Note that by definition, the statistic ranges from 50 to 100. We chose not to rely on asymptotic arguments and instead took a Fisherian perspective (i.e., permutation-based inference)29,43. For each CpG sites, we tested the sharp null hypothesis of no sex-difference in DNA methylation. To approximate the “null randomization” distribution of the separation statistic, we calculated the separation statistic for 100,000 permutations of the sex labels. For each CpG, we obtain Fisherian p-value, i.e., the proportion of computed test statistics that are as large or larger than the observed test statistic. The precision for the calculated p-value in this analysis is therefore 1/1,000,000. The volcano plot on Fig. 5 reports the separation statistic of each CpG against the calculated p-value. We observe that the larger the separation statistic, the smaller the p-value.

Figure 5
figure 5

Volcano plot. Left panel: CpG sites for which the average DNA methylation is higher in male. Right panel: CpG sites for which the average DNA methylation is higher in female.

Secondary study

The CpG sites for which we do reject the sharp null of no sex-difference are further investigated. The data for the replication study come from a randomized epigenetic study conducted at the Environmental Protection Agency (EPA). Seventeen blinded participants were exposed for two hours, either to 0.3 ppm ozone or to clean air. The study is described by44. After the exposure, DNA methylation was measured at 484,531 CpG sites. We use the data only from the participants exposed to clean air.

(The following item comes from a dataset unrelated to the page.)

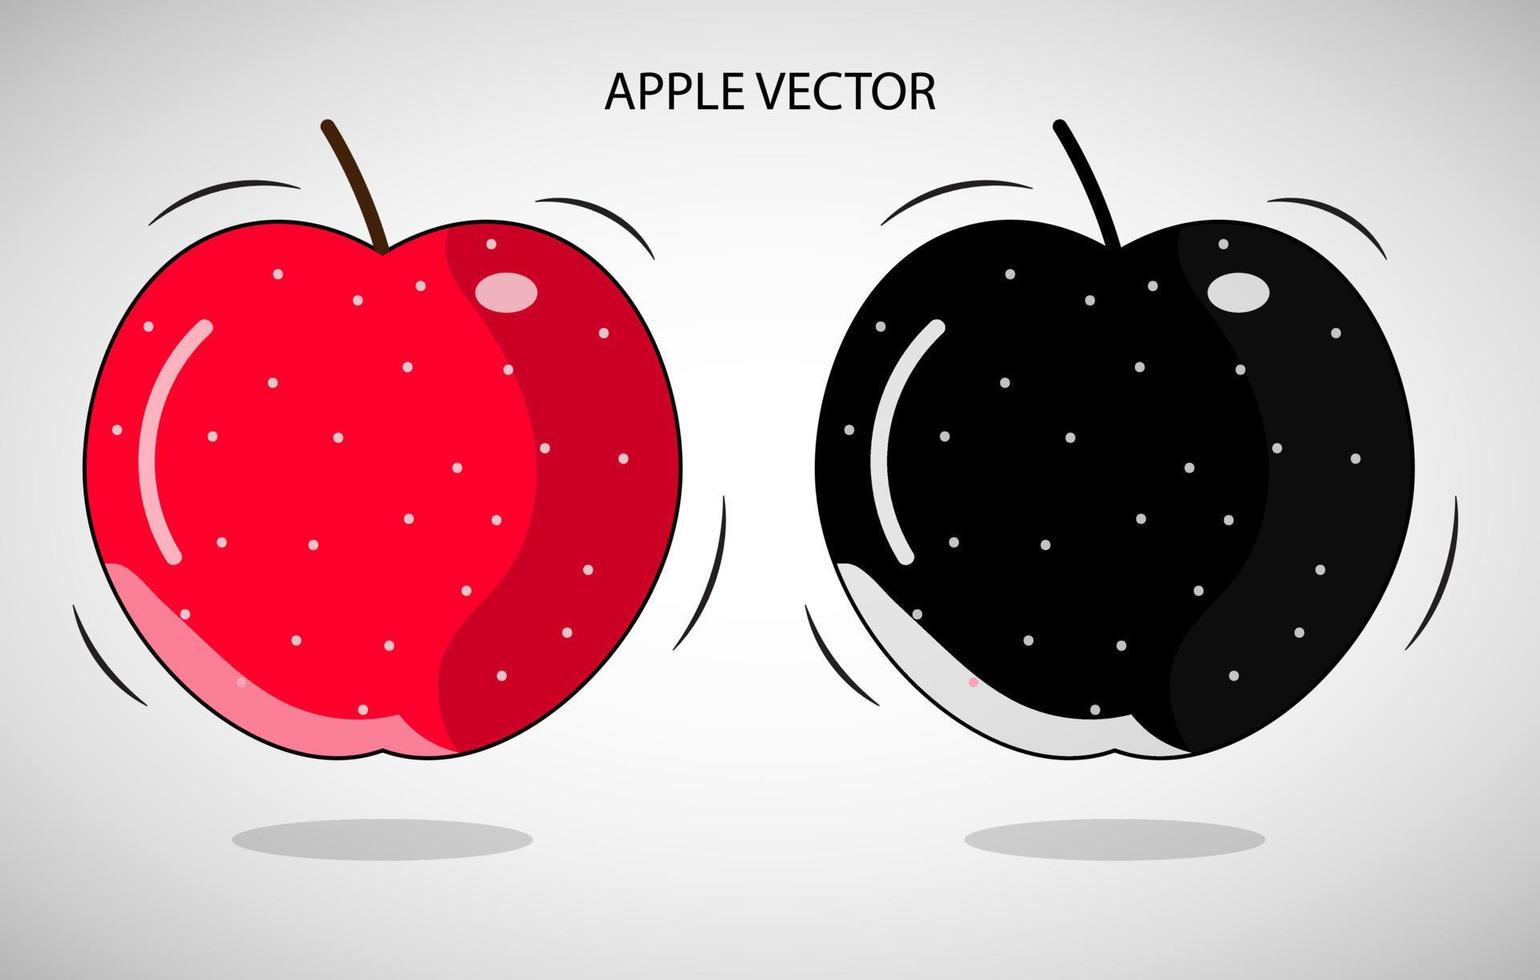 vetor de ilustração de maçã grátis, vetor de maçã vermelha e preta, vetor de maçã plana, desenho de maçã colorida, ícone de fruta de maçã

Prior to enrollment, all participants were informed of the study procedures and potential risks, and all provided a written informed consent. The consent forms and protocol were approved by the University of North Carolina School of Medicine and the US Environmental Protection Agency. The study was registered on ClinicalTrials.gov (NCT01492517). All methods were carried out in accordance with relevant guidelines and regulations.